Prompt Hierarchy. The foundation for prompt fading is the construct of a prompt hierarchy. In a prompt hierarchy, prompts are viewed as being hierarchically ordered, based on the level of intrusiveness of specific prompts and combinations of prompts. Within a prompt hierarchy, some prompts and combinations of prompts are seen as more intrusive than others. Fading is a process of shifting from using more intrusive to less intrusive prompts. Typically, the intrusiveness of prompts is judged by the amount of control that the prompt exerts over a student's responding. A prompt may exert control of responding in two ways: the actual physical control of the student's responding that the prompt exerts when delivered by a teacher and the amount and specificity of information that the prompt provides to guide student responding. Some response prompts (for example, a physical prompt, such as hand-over-hand guidance) are highly intrusive because they provide high levels of direct control over students’ responding during instruction.
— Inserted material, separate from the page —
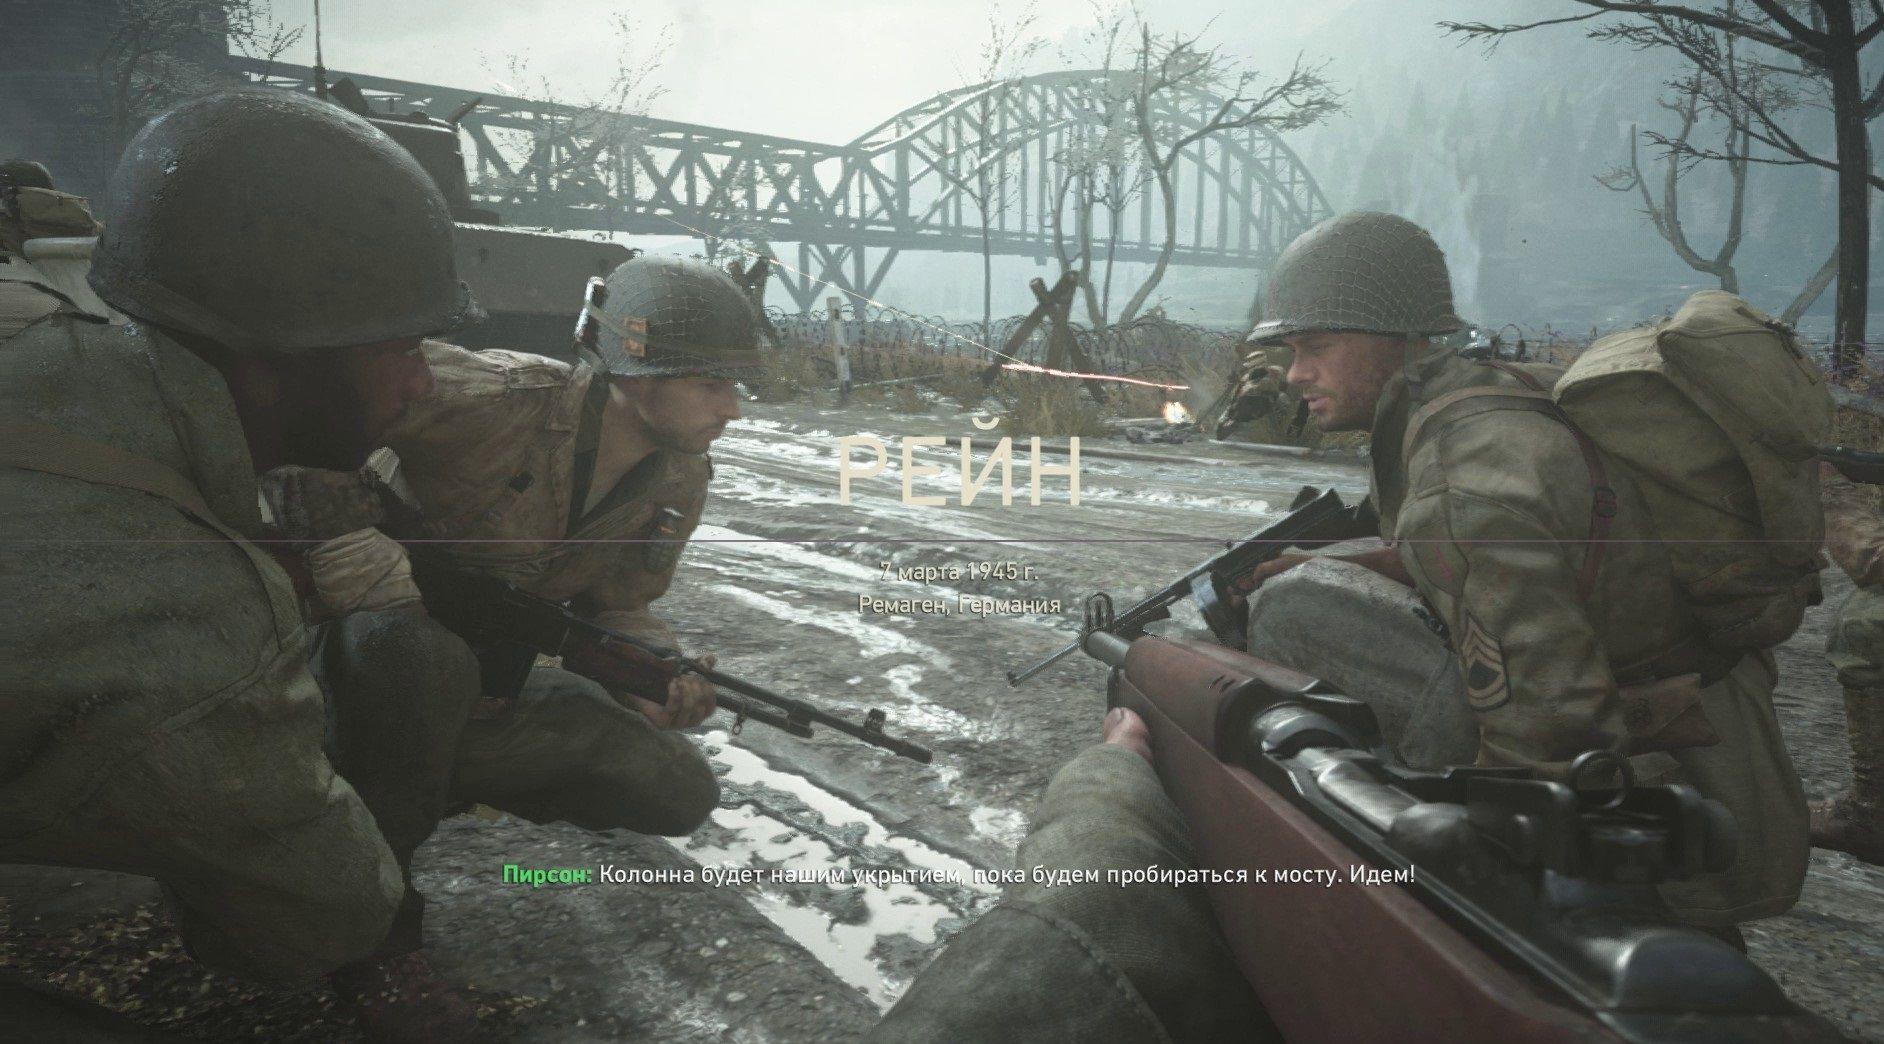 Подготовка к штурму моста

The amount of direct control over responding that is provided when a teacher delivers a prompt, and therefore the level of intrusiveness of the prompt, varies across different types of prompts. In addition, within each type of prompt (e.g., physical guidance, gestural, verbal, symbolic, and modeling), specific prompts will vary in the amount and specificity of the information provided to the student. Prompts range from providing high levels of very specific information and assistance to students (high intrusiveness) to providing only very general information and little assistance (low intrusiveness). For example, a very specific verbal prompt (high intrusiveness) in teaching a student to tie a shoe might be “Grab a shoelace in each hand,” while a very general verbal prompt (low intrusiveness) might be “What's next?”